_SOURCE MATERIAL_
/---

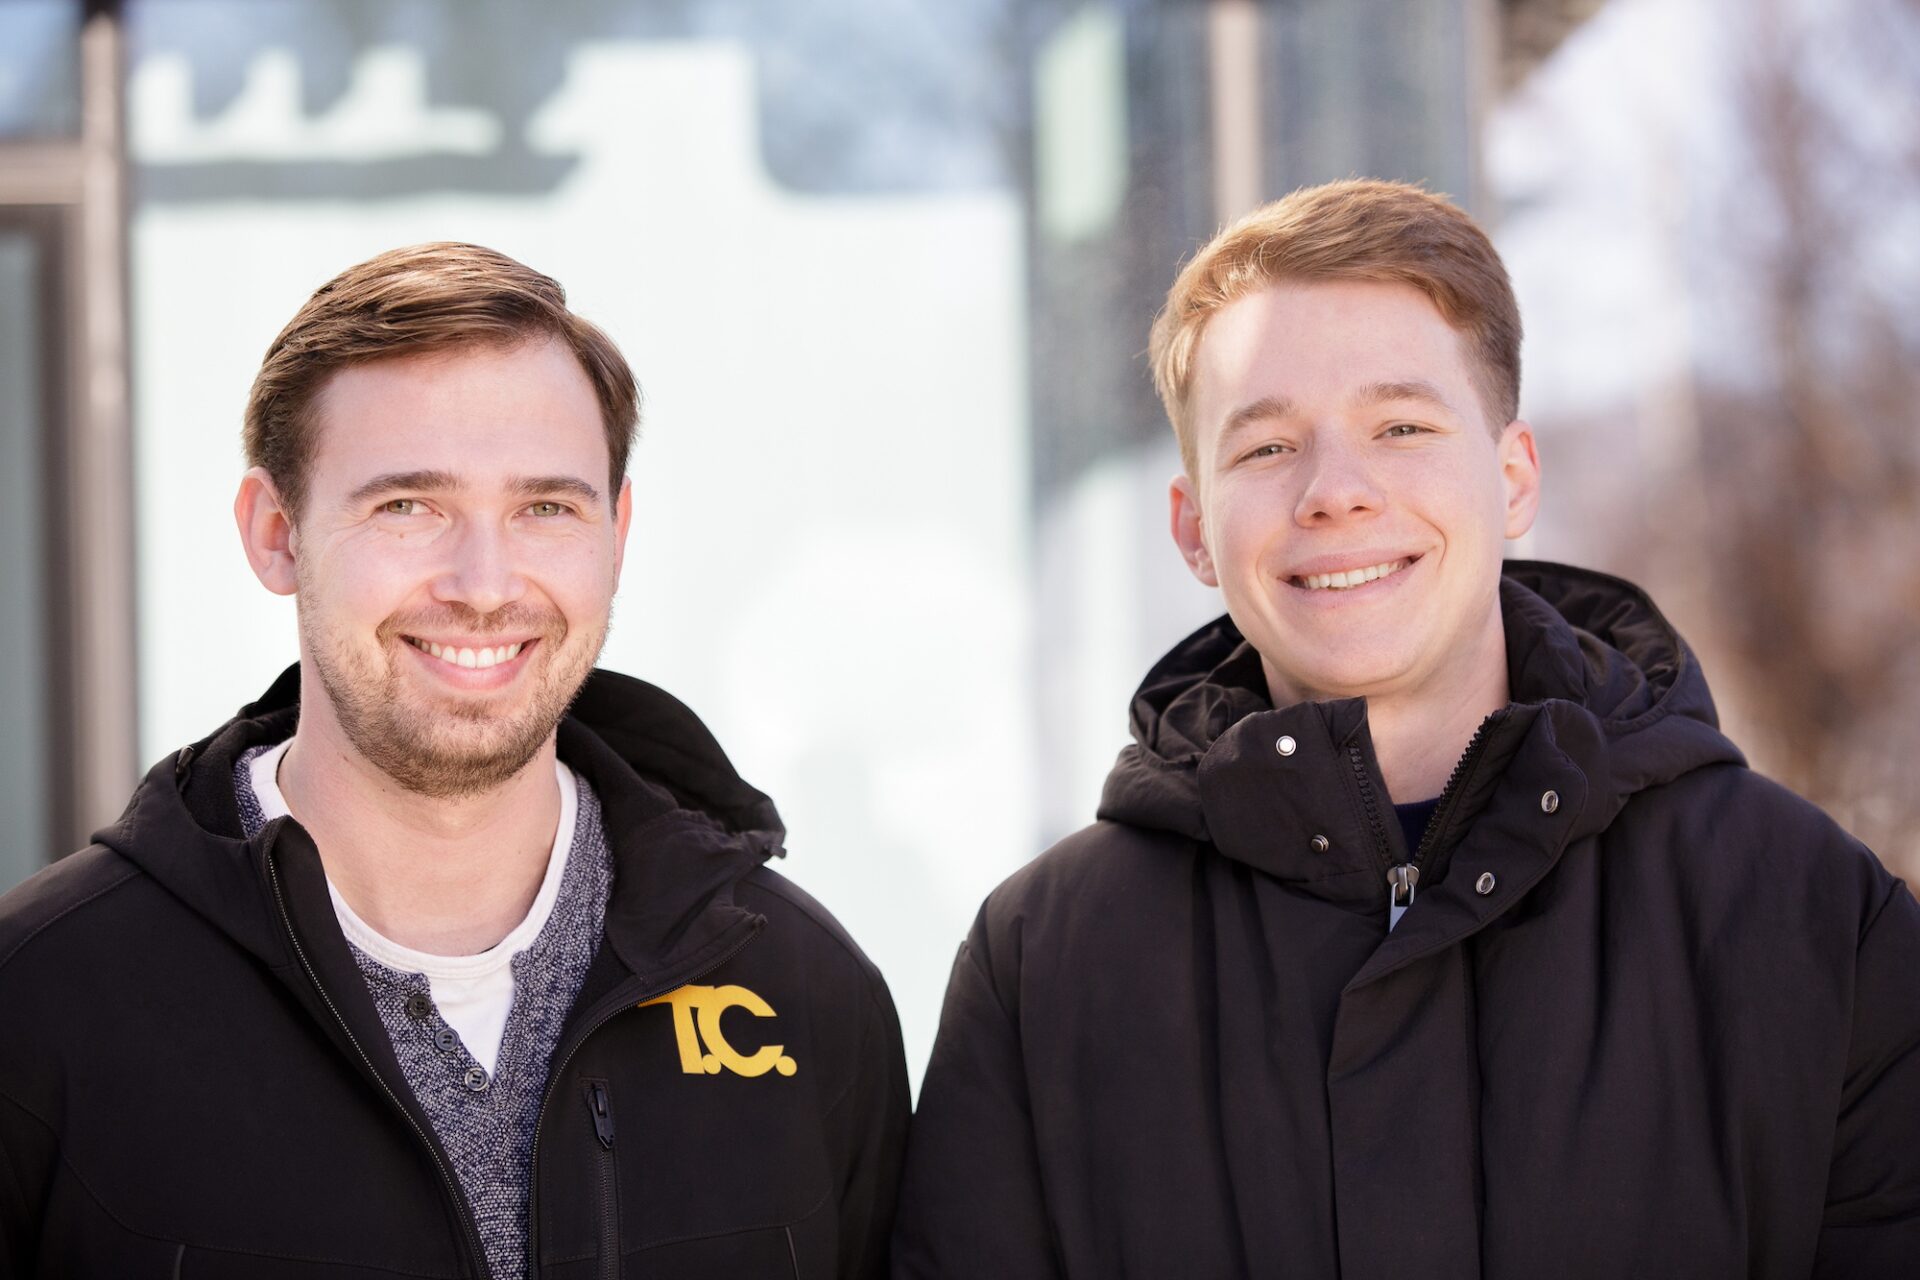 Johannes Taschwer und Bernhard Schnögl sind zwei junge Unternehmer aus Klagenfurt.
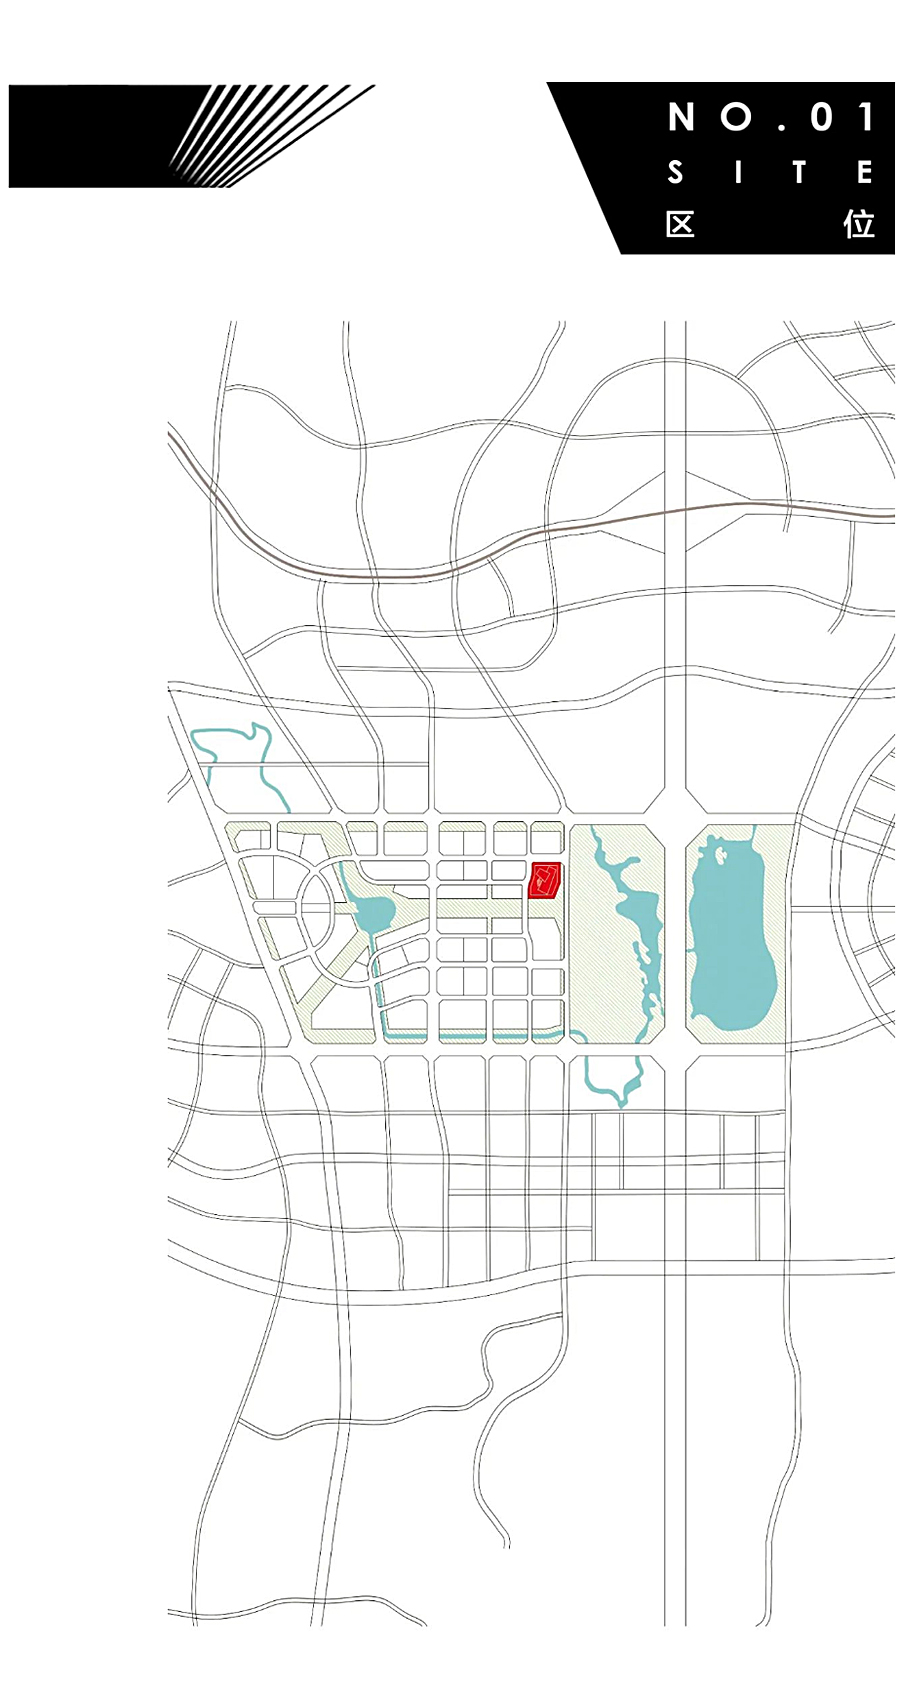 一个建筑代表一座新城-_-成都招商天府新区城市规划展示馆_0006_图层-7.jpg
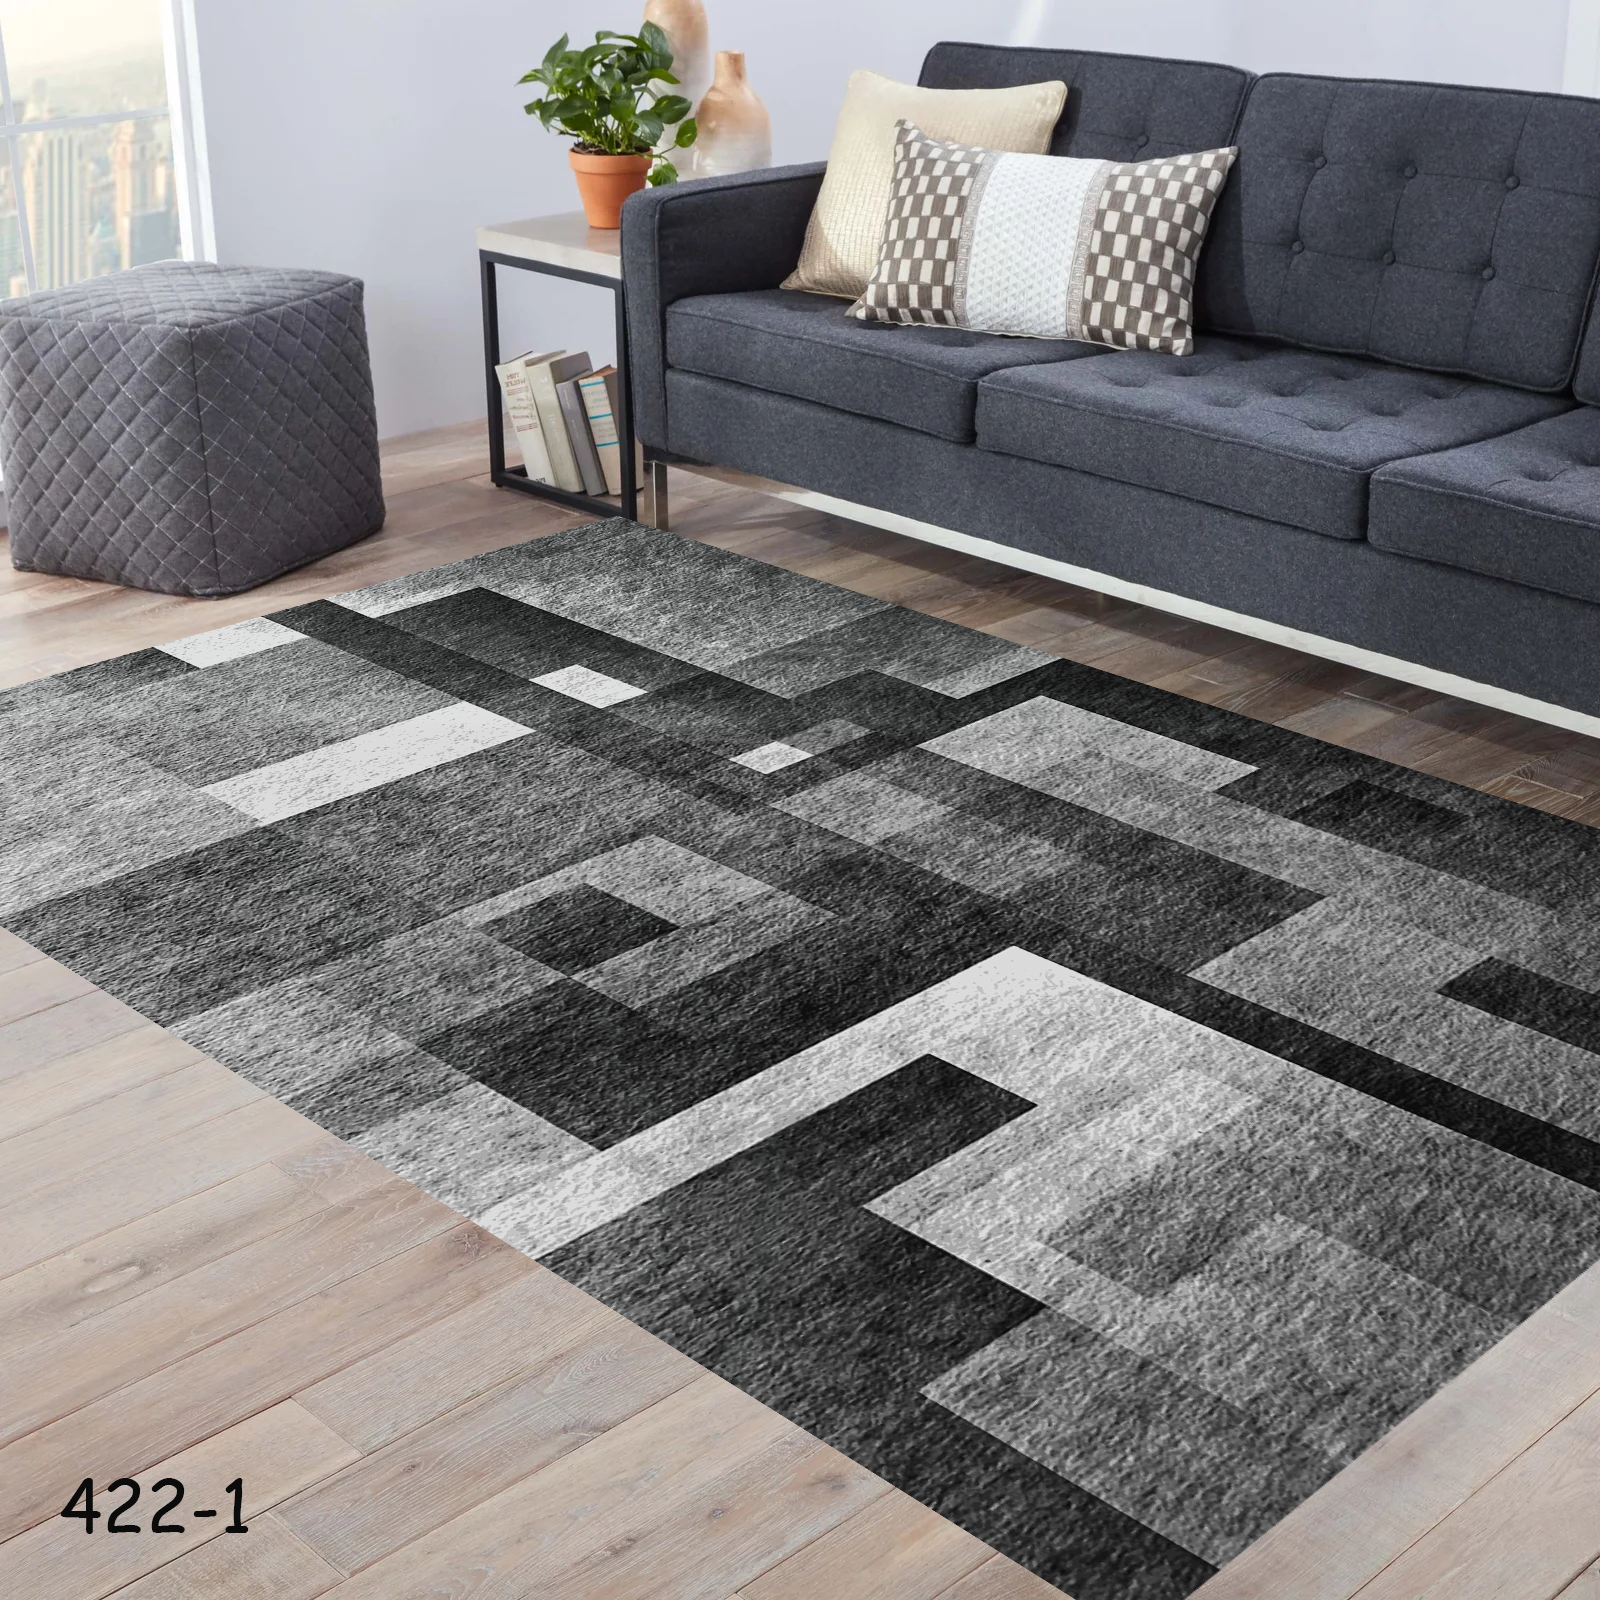 روفرشی طرح فرش طرح مربع های تیره روشن کد 1-422

\---

_WHAT THE TASK REQUIRES_
Repeat the listing word for word. Leave images out.

_TASK RESPONSE_
 Johannes Taschwer und Bernhard Schnögl sind zwei junge Unternehmer aus Klagenfurt.
 一个建筑代表一座新城-_-成都招商天府新区城市规划展示馆_0006_图层-7.jpg
 روفرشی طرح فرش طرح مربع های تیره روشن کد 1-422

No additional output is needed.